Criticism switches from SB police 'taping' to 'tasing'

Today brought more controversy for the South Bend Police Department.

This time it’s not about taping, but ‘tasing:’ The alleged tasing of an innocent teenager.

“They need to be punished for sure,” said Vivian Franklin about the officers who came to her home in the early morning hours of July 7th.

“It was at, I’d say about three or four o’clock in the morning when they beating at my door,” said Franklin.

When she answered, she said police came running into her home without a warrant.

“And I tell them, he’s not here, whoever they looking for and they gonna say, he’s right here, like I was lying, and they went in my son’s room and tased him and hit him but he was asleep in his bed,” Franklin said.

It appears to be a case of mistaken identity. Police were actually searching for the brother of the teen they found in the bedroom of the Bowman Street home.

As a result, Riley High School Senior Deshawn Franklin ended up with a swollen jaw. The family claims Franklin was also shot twice with a stun gun, and an ambulance had to be called when police could not remove one of the probes from the teen’s abdomen.

“If they doing this, they gonna kill someone else or hurt someone else, and we need taken off, or fired or something needs to be done,” said Vivian Franklin.

Today, leaders of the community action group, Citizens United for Better Government announced their support for the family.

“We’re involved because it’s been almost four months now, there’s been no word, we can’t access the police report so we don’t know if there’s an investigation or not,” said CUBG President Mario Sims. “Put yourself in this family’s shoes, you’re woke up at 2:00 in the morning by people beating at your door, you answer the door and you got flashlights in your face, and officers with drawn guns, no warrant, pushing themselves into your house, assaulting your child.”

Late today, police department spokesperson Capt. Phil Trent told News Center 16 that an internal investigation into the incident has been completed. Capt. Trent said that the Franklin family’s allegations were “sustained.”
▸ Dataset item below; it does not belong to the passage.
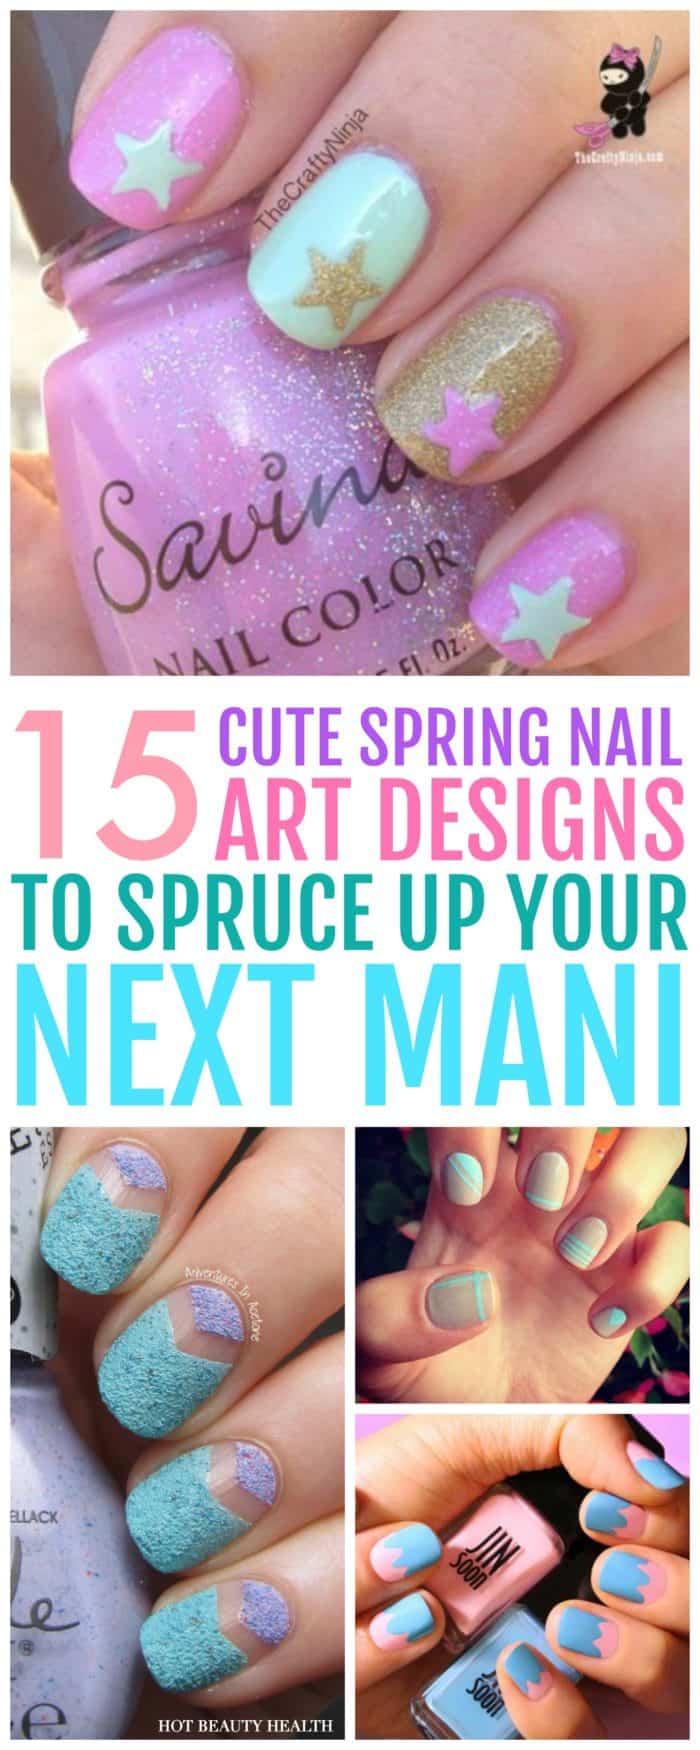 15 Cute Spring Nails and Nail Art Ideas!

Capt. Trent said no disciplinary action was taken, although “remedial” action was. Capt. Trent says that the officers were ordered to complete additional training.
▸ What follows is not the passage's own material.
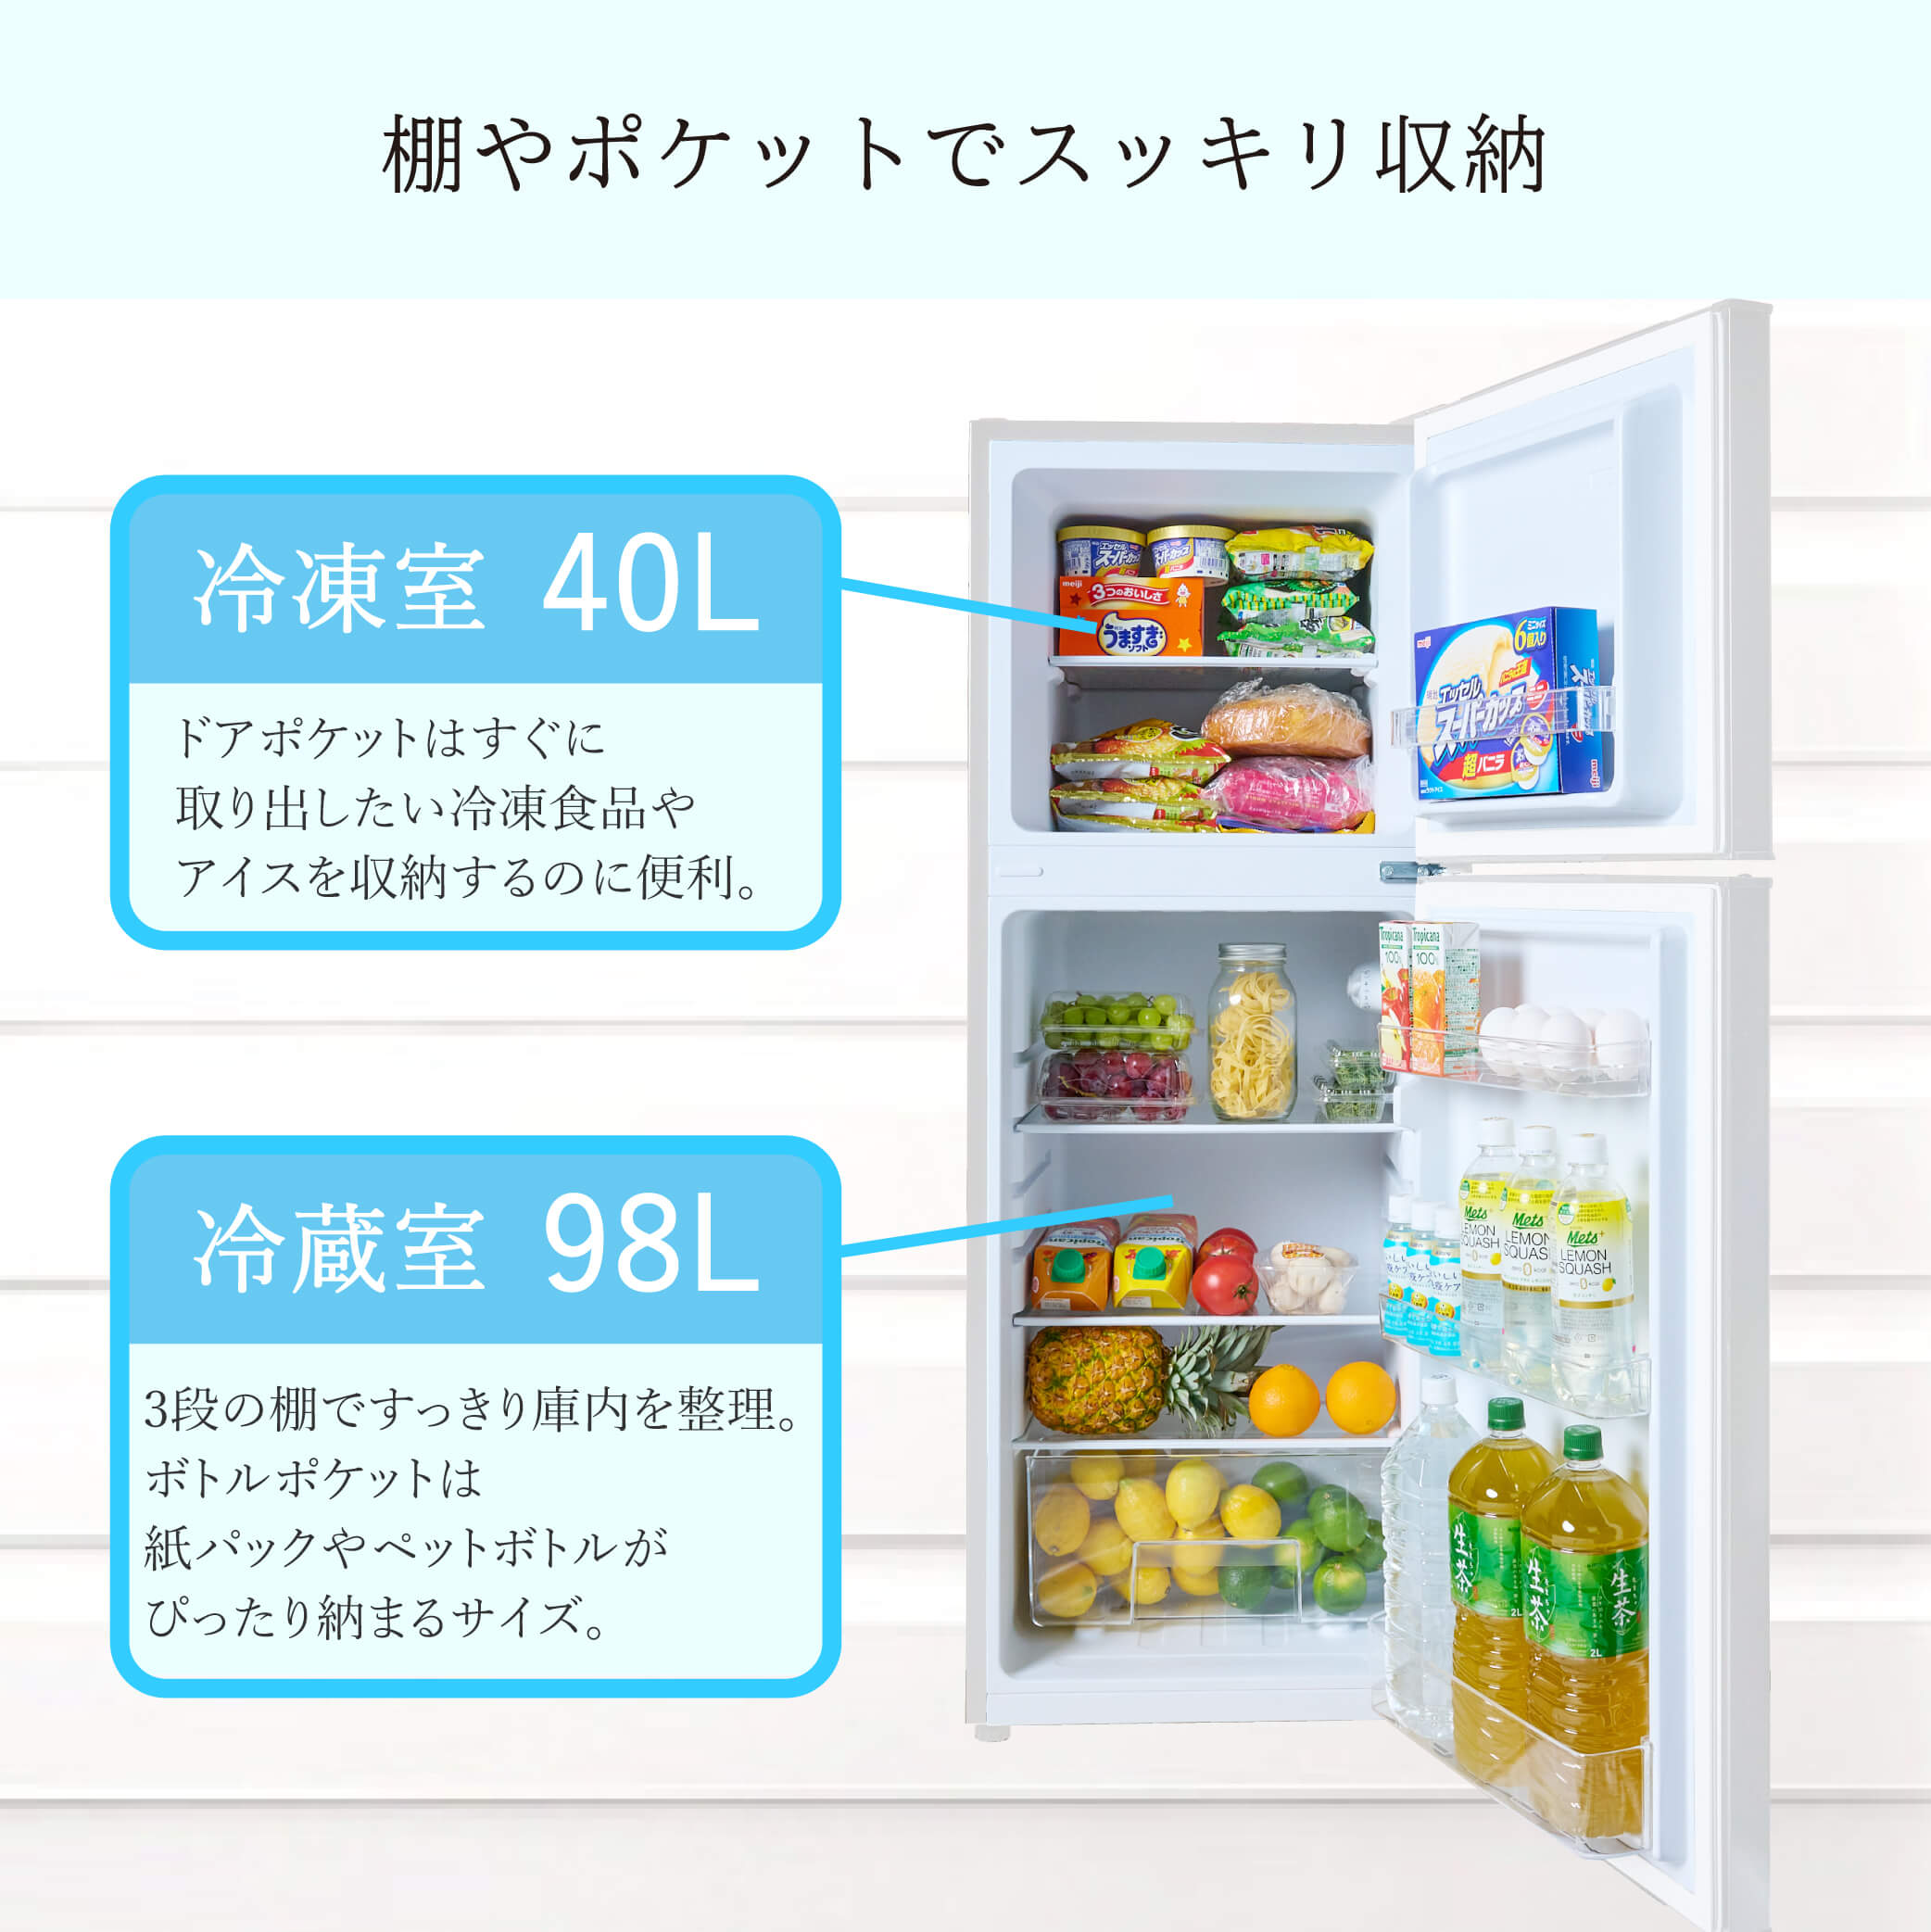 2ドア冷凍冷蔵庫 138L TH-138L2-WH : 製品一覧

On the day in question, police were responding to a brutal domestic violence complaint in which the victim was bitten and disfigured. Officers were ordered to immediately arrest the suspect considered dangerous.
Capt. Trent said the police report shows that officers deployed a stun gun once, but that only one of the two probes hit Franklin—indicating that the teen did not receive an electric shock.
While Franklin family members were correct in saying that police would not provide them a copy of the incident report, Capt. Trent explains that the encounter with the Franklins was a small part of the overall report on the domestic violence case, and that state law restricts access to sexual offenses, in order to protect the victim.

Capt. Trent says that officers were chasing a suspect in the domestic violence case when the suspect’s scent was picked up in the yard of the Bowman Street home. That is what lead officers to believe that their suspect was inside.